Welches Smartphone geht hier nun als Sieger hervor? Das hängt ganz davon ab, welche Aspekte euch wichtig sind. Das kantige iPhone-Design oder die abgerundete Samsung-Optik – das ist ganz klar Geschmackssache. Sind euch jedoch zwei Zoom-Stufen bei der Kamera sehr wichtig und wollt ihr zudem die weiche Darstellung eines 120-Hz-Displays, solltet ihr zum Galaxy S21 Ultra greifen. Wer hingegen das iOS-Betriebssystem von Apple bevorzugt und auch mit einer 2,5-fachen Vergrößerung bei der Kamera glücklich wird, sollte sich das iPhone 12 Pro Max zulegen. Abgesehen von den zusätzlichen Zoom-Fähigkeiten bekommt ihr nämlich auch hier ausgezeichnete Fotos von den Linsen.

Geht es euch um rohe Kraft, ist das iPhone 12 Pro Max ebenfalls eure erste Wahl. Wobei auch das Galaxy S21 Ultra genügend Leistungsreserven hat, damit ihr euch über mindestens drei Jahre keine Gedanken über Performance-Probleme machen müsst. In diesen Zeitraum solltet ihr aber über Updates nachdenken: Apple hält seine Modelle in der Regel über einen längeren Zeitraum aktueller als Samsung. Wollt ihr das Handy also mindestens 4 Jahre nutzen und auch in Sachen Sicherheit auf dem neuesten Stand sein, hat das Apple-Handy die Nase vorne.

Apple iPhone 12 Pro
Das iPhone setzt auf die 3D-Gesichtserkennung Face ID. Das halten wir für komfortabler als Samsungs Fingerabdrucksensor (© 2021 CURVED )

In Sachen Entsperren gibt es auch einen klaren Sieger: Das Galaxy S21 Ultra setzt zwar auf einen Ultraschall-Fingerabdrucksensor im Display, der sicher ist und in den allermeisten Fällen funktioniert (Probleme kann es etwa geben, wenn ihr mit komplett nassen Händen euer Samsung-Handy (hier mit Vertrag) entsperren wollt).

Face ID ist unserer Meinung nach im Alltag aber komfortabler und vor allem schneller: Einmal auf das Handy geschaut, schon ist es entsperrt.

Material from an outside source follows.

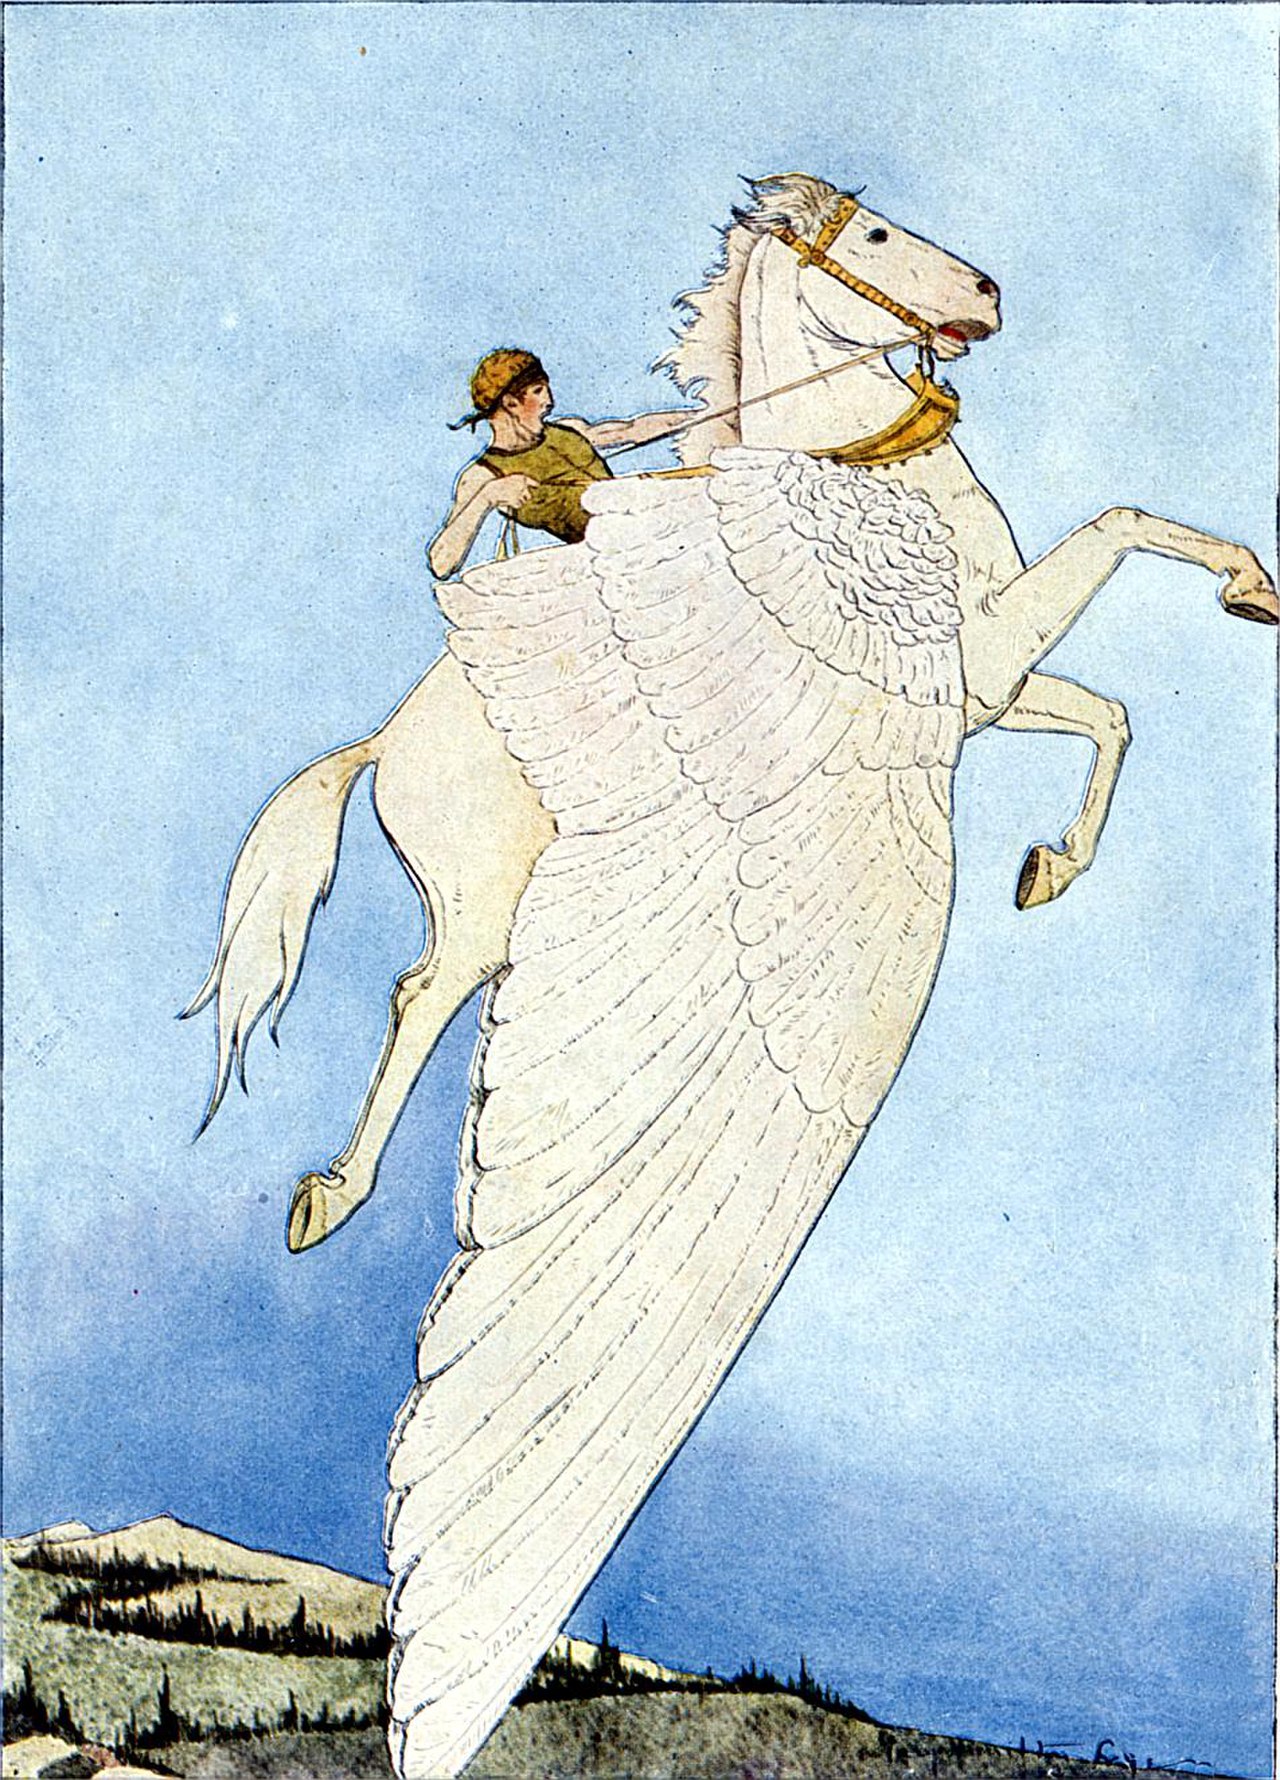 حيوان اسطوري يشبه الحصان

Zudem gilt die 3D-Gesichtserkennung als sicherer im Vergleich zum Fingerabdrucksensor. Eine Einschränkung gibt es jedoch: Mit Maske erkennt euch Face ID nicht. Abhilfe schafft eine Apple Watch, die in dem Fall das Handy für euch ohne weitere Handgriffe entsperren kann. Ansonsten bleibt euch beim Tragen einer Maske nichts anderes übrig, als den Entsperrcode einzugeben.